### Exercise brief
The expected output is every line of the data exactly as shown, minus the images.

### Raw data
# # # # # # #
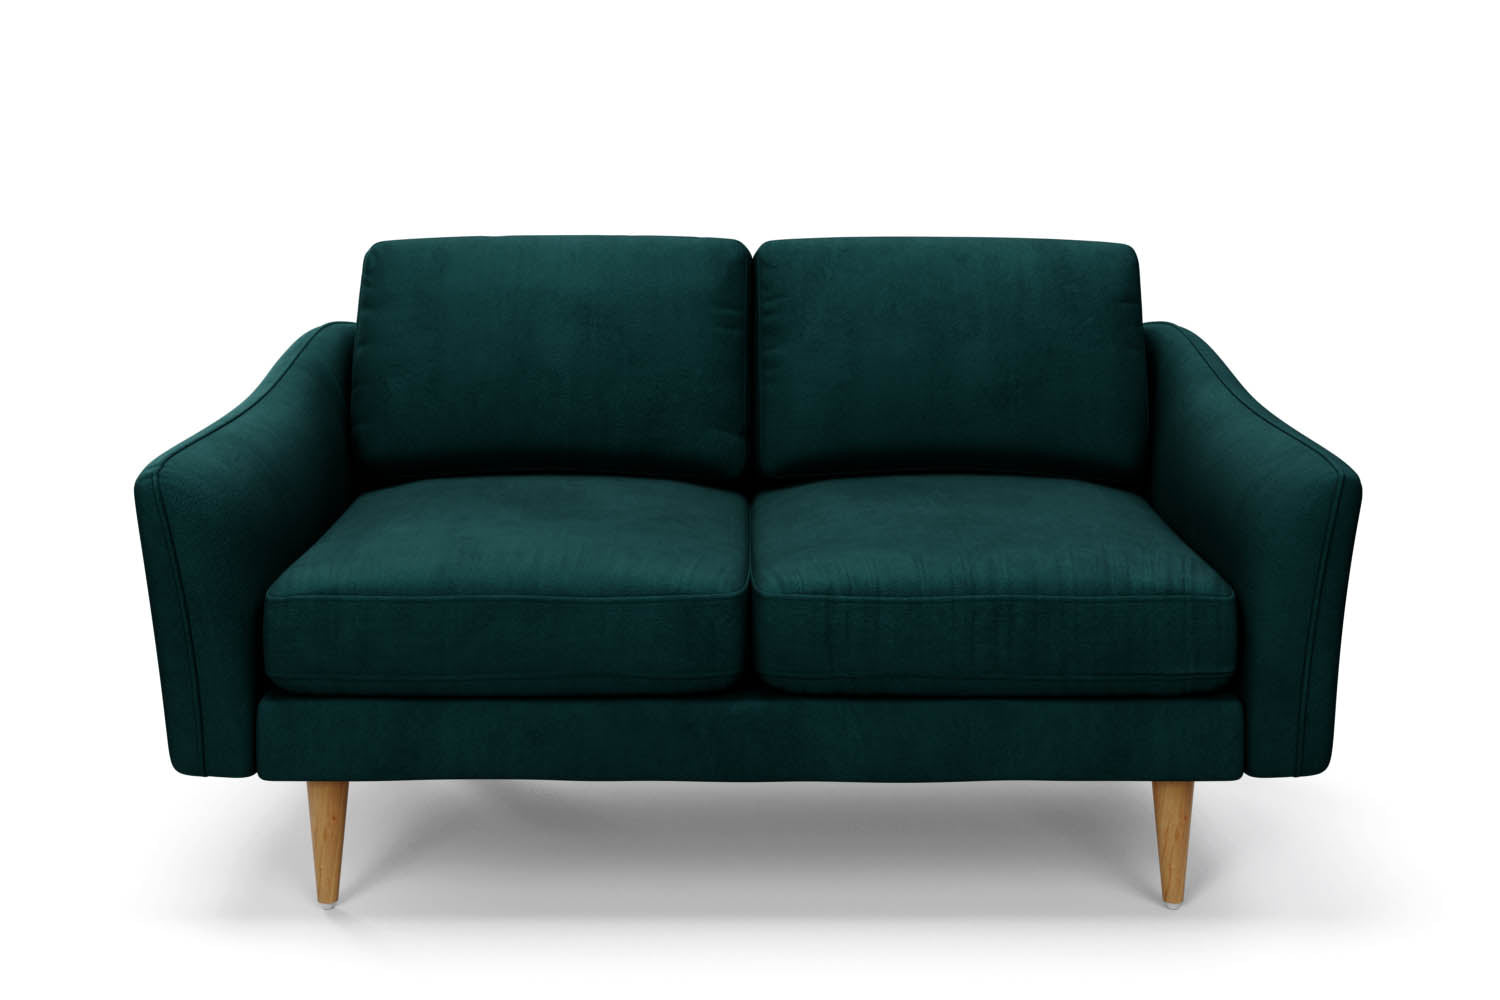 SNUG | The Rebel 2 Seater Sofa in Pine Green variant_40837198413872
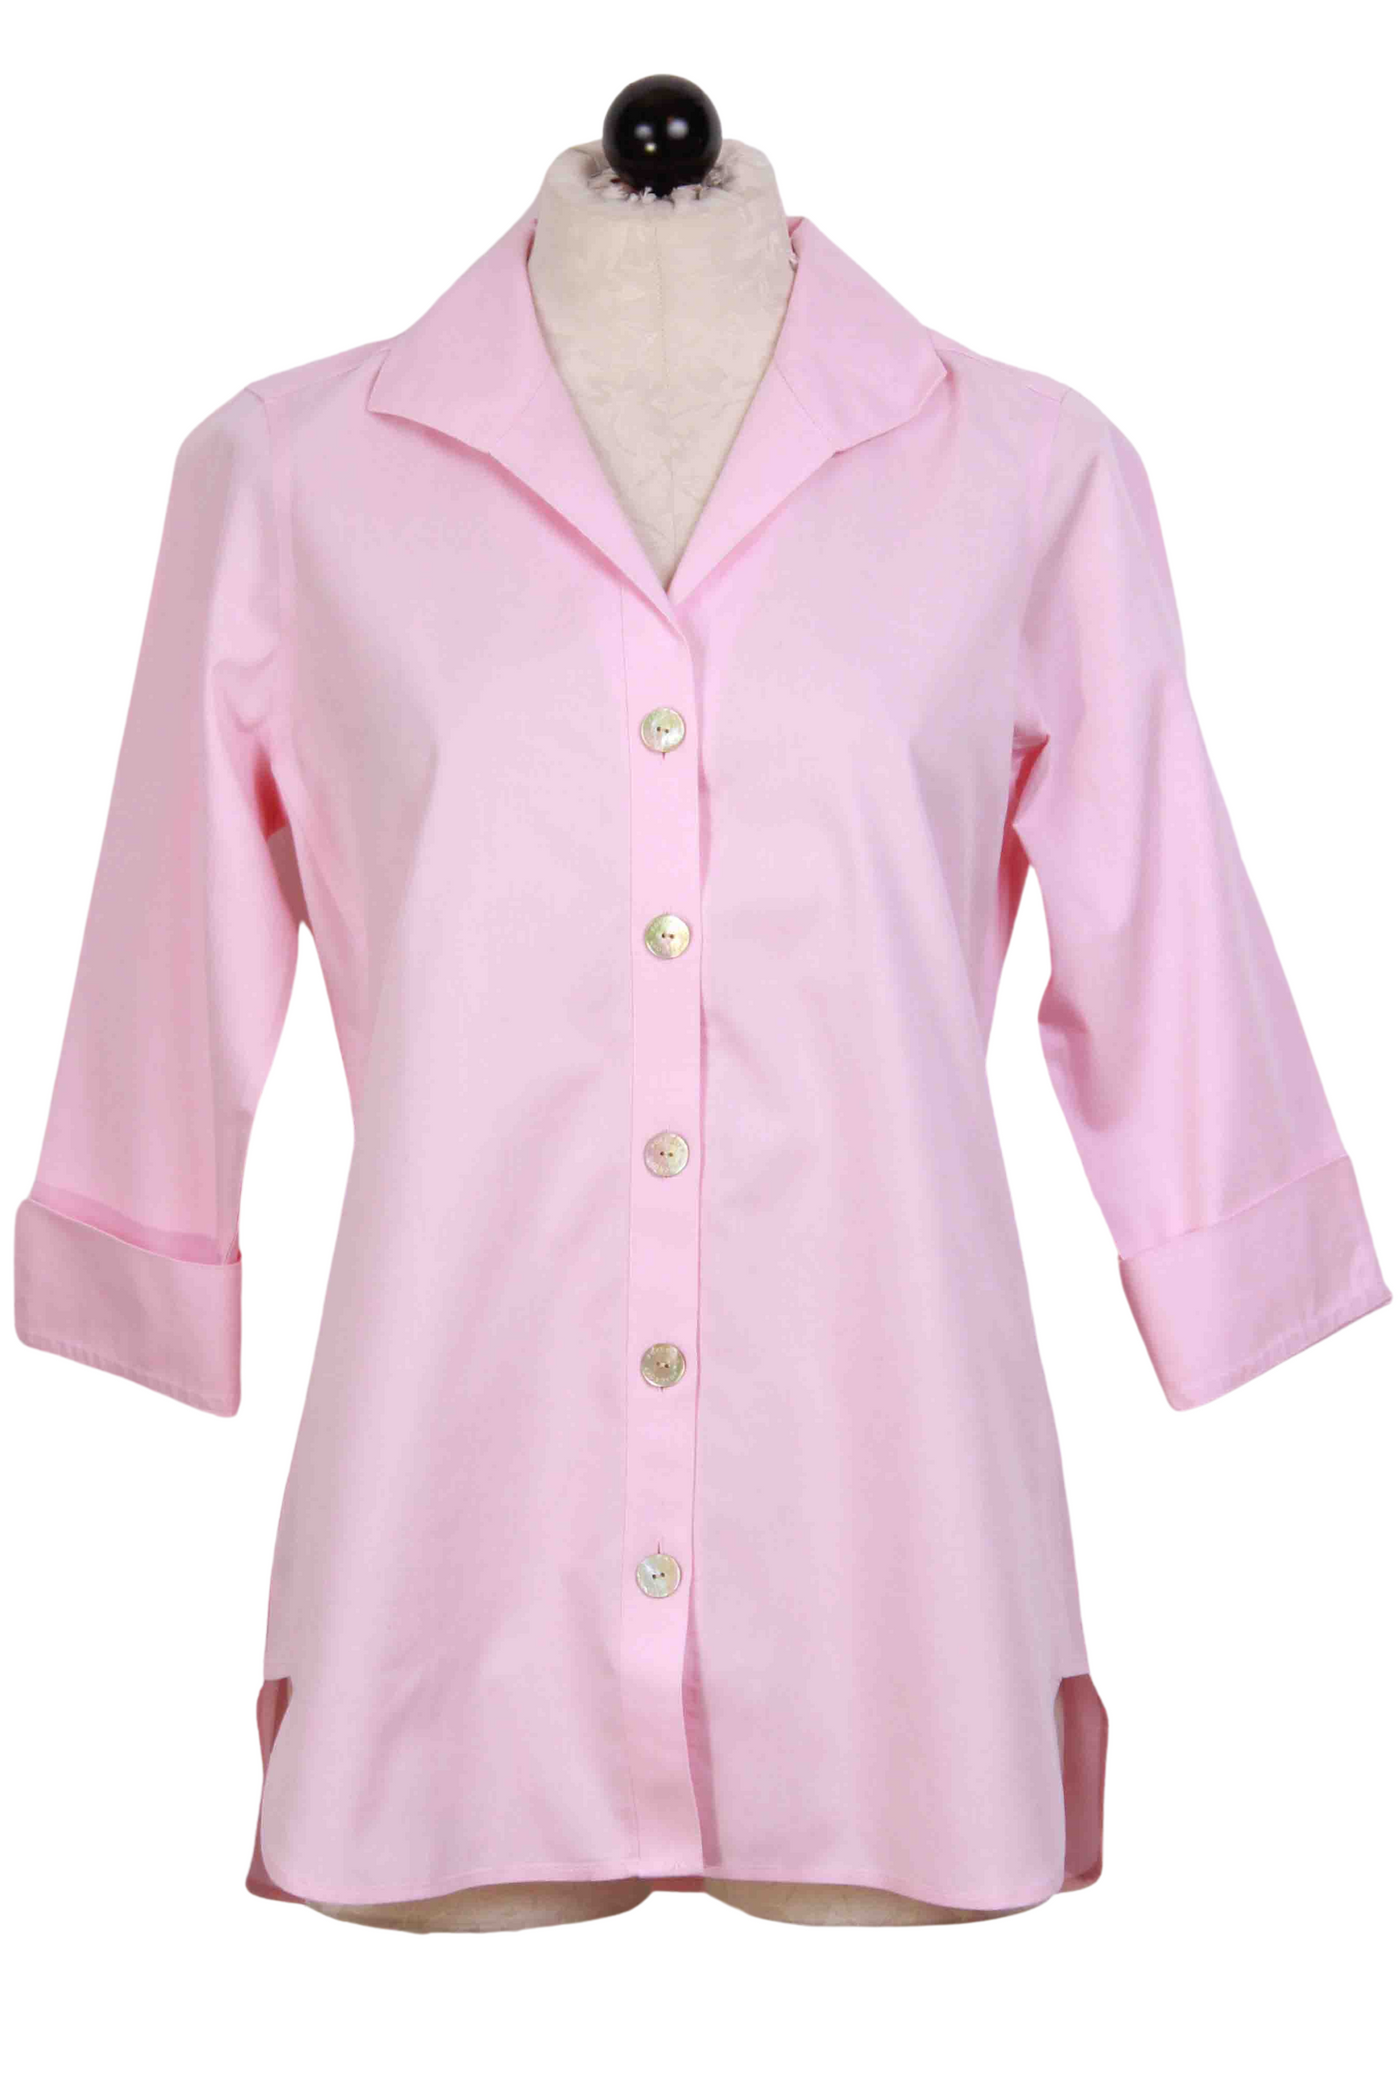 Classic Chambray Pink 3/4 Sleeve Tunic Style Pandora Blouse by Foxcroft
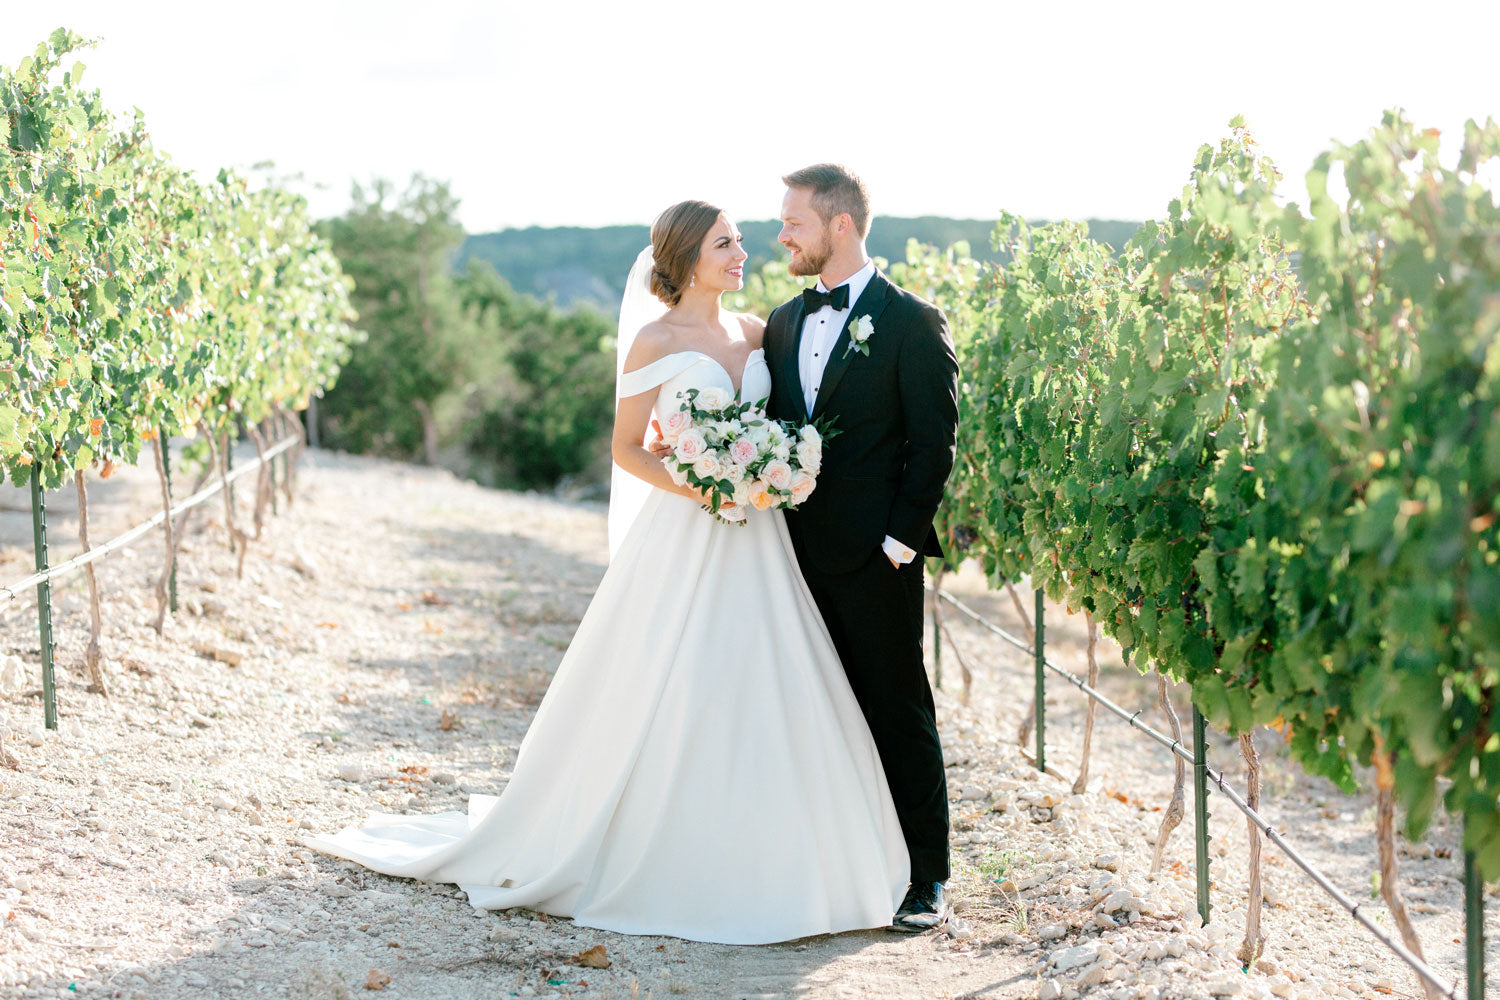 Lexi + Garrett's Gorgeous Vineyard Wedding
# # # # # # #
### Problem solution
 SNUG | The Rebel 2 Seater Sofa in Pine Green variant_40837198413872
 Classic Chambray Pink 3/4 Sleeve Tunic Style Pandora Blouse by Foxcroft
 Lexi + Garrett's Gorgeous Vineyard Wedding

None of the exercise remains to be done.